Самое пустое — это строить дом при конце оврага. Не живется в таком доме спокойно. То разругаются, то подерутся, то, милуй Бог, болеют и умирают. А еще великое дело: с какими мыслями и сердцем строится этот дом. Иной раз дом-красавец. Все-то при нем, а оказывается — не чистый. Уж, бывало, люди такой стороной обходят. Даже мимо пройдешь — и то зло будет. Помните, возле речки при овраге был дом, так в нем хозяева не приживались и странные дела там творились. Поселился как-то мужик один. Справный был хозяин, да вот как только в доме том поселился, так начал куролесить, а потом совсем взбесился… Так-то ростика был не больно великого, а тут вдруг борону, да плуг, что и десять человек не поднимут, схватил, да на дерево и втащил, на высоченную сосну. И сам туда забрался. Едва сняли его оттуда. Да так все-таки и сломил он голову без чести и славы.

Нет, не пустое это дело — найти живую точку на матушке земле, чтобы не быть ей в тягость, чтобы приняла она тебя…

А как дом-то построишь, так еще надо, чтобы и хозяин тебя принял, домовой.

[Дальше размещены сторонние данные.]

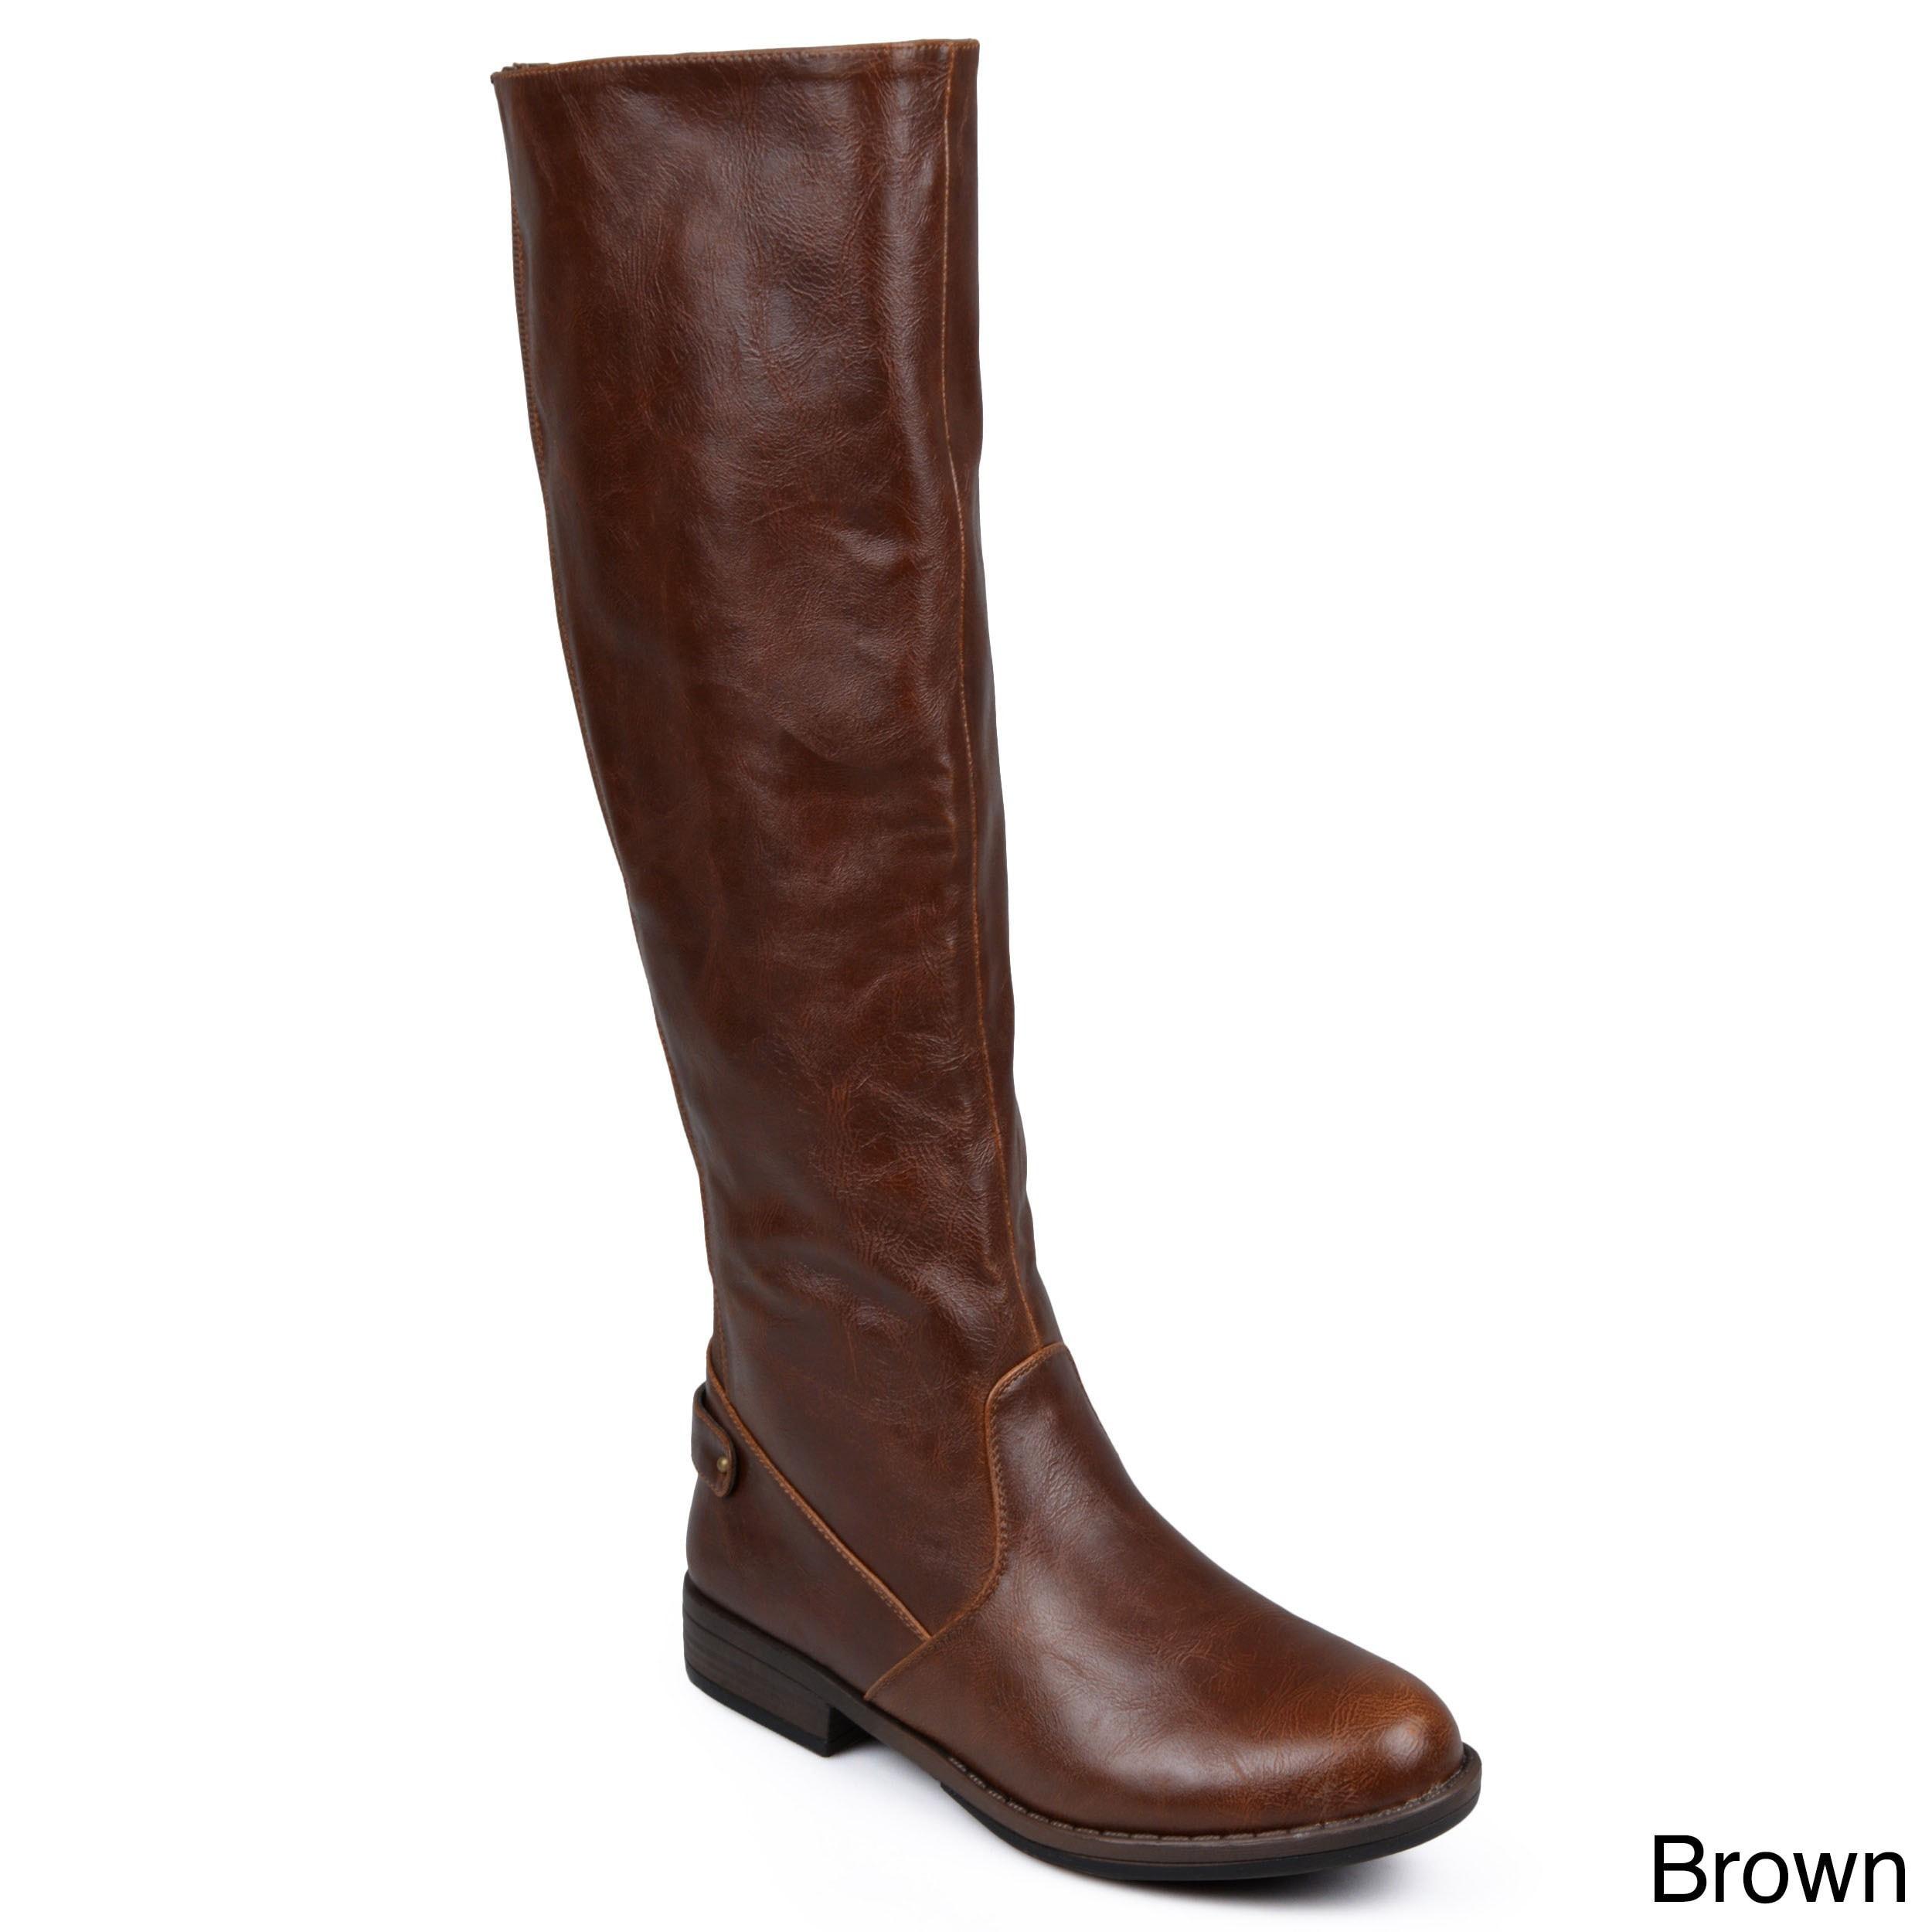 a626e7a9eec63 Journee Collection Women's 'Lynn' Riding Boot

А то ведь, если не примет, так будет стучать ведрами, посуду бить, тенью мелькать, топать, вздыхать. Жизнь будет не в жизнь. Так вот неугодный и выселится из дома.

 

Соседушко-Ботанушко-Братанушко

Это ты никак про соседушко-братушко, — улыбнулась баба Шура. — Мы уж давно позабыли, что живем не одни. Нам все кажется, что окромя рода людского по земелюшке никто и не ходит. А раньше то об этом много не говорили, но все знали про суседушек, жили мирком и ладком.

Вот, если переезжаешь из дому в дом, так и своего суседушку должон с собой забрать. Тогда переезжали ночью, чтобы из печки или из гоубца своего домового на сосновое помело забрать, да и в новый дом перевезти.

— Соседушко-братушко, пойдем с нами, — скажет бывало бабушка. Так за собой и увозили. А бросить не можно, затоскует. Ему никак без людей…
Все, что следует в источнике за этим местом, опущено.